Я не в первый раз бывал здесь и уже многих знал. А уж они все наверняка знали, кто я и к кому приехал. Нового человека в деревне примечают быстро. Так же быстро оценивают, определяя его суть, как правило, одним словом. "Квёлый он" - говорила баба Поля об одном знакомом. А как это? - Да ни больной, ни здоровый. И ни к какому делу не приспособишь. Все сидить и молчить, а как скажеть - то все невпопад.
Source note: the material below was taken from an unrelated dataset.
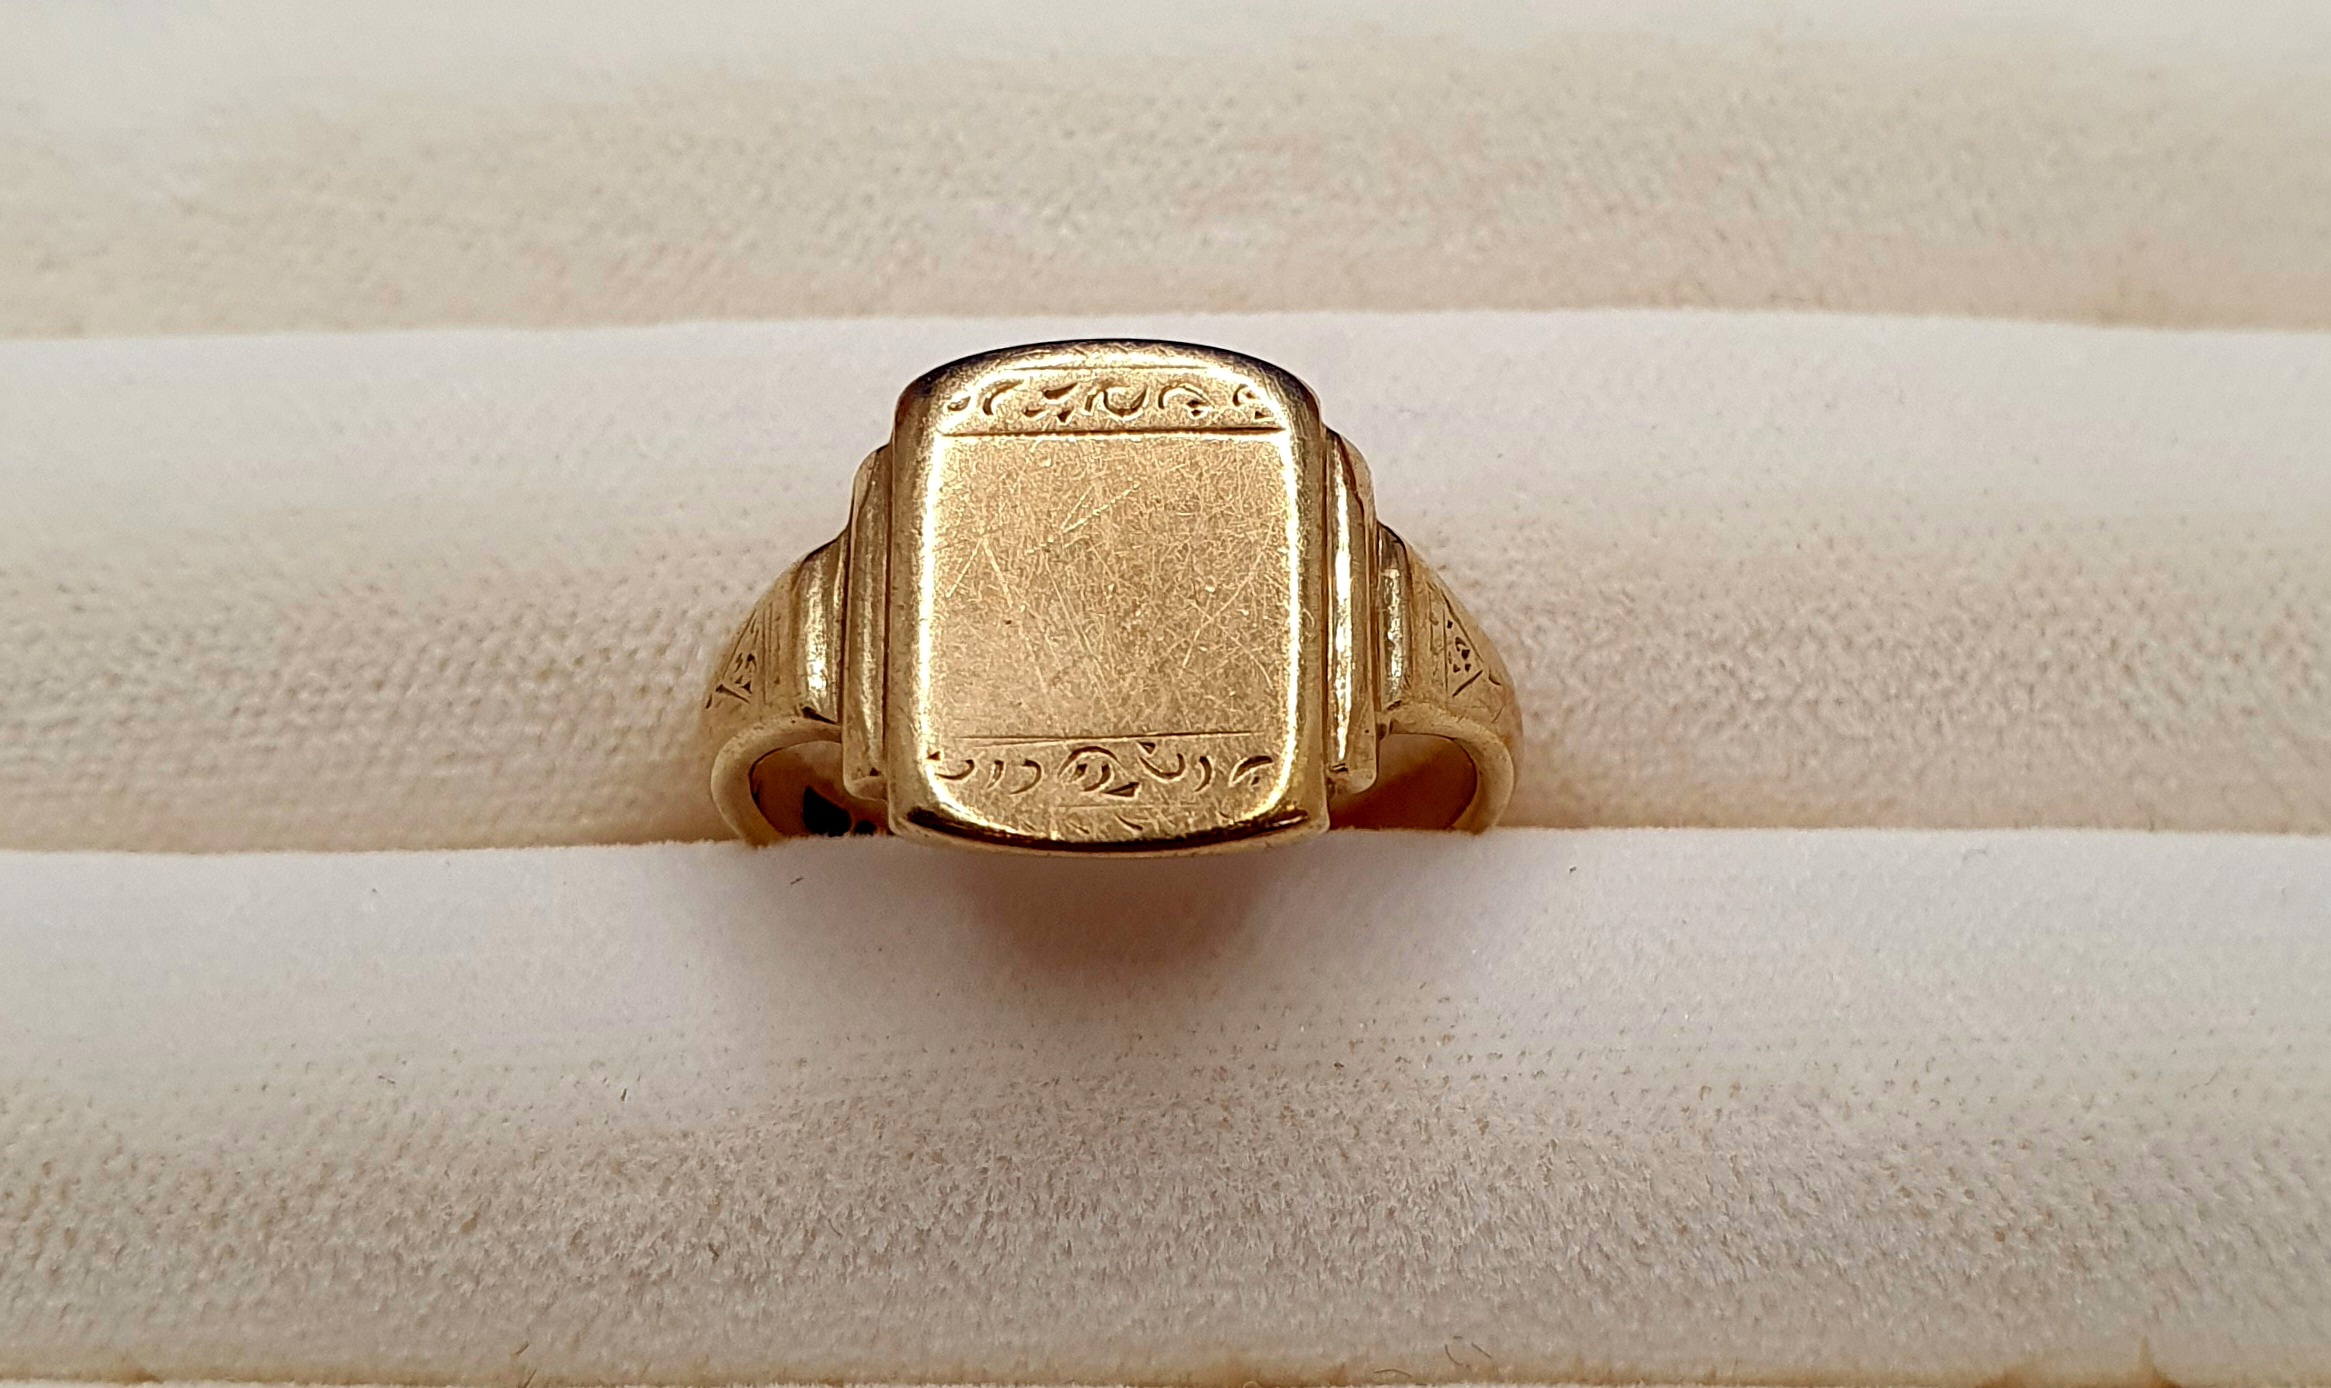 9ct Gold Gents Signet Ring, weight 3.77g, size N

Сколько лет бабе Поле, я не знал, но ее морщинистое лицо еще хранило следы былой миловидности. А прозрачные голубые глаза глядели на мир слегка удивленно и ласково. Она со спокойной добротой говорила о добрых и злых поступках односельчан, о горе и радости. Никого и никогда не судила. Свое отношение к людям и их поступкам выражала простыми фразами:" Помогай им бог; или бог им судья." И в этих словах не было ни капли фальши. Было совершенно ясно, что по-другому она не умеет думать.
-Приходи сегодня вечерять - сказала мне баба Поля - Сегодня Царь с кордона приедеть.- Царем в Тихом звали сына бабы Поли Сережу, который работал лесничим.
- Царь - потому, что царь леса - говорили мужики -" Уж он за лесом, как за дитем своим смотрить. Ужо, никому обидеть не даёть."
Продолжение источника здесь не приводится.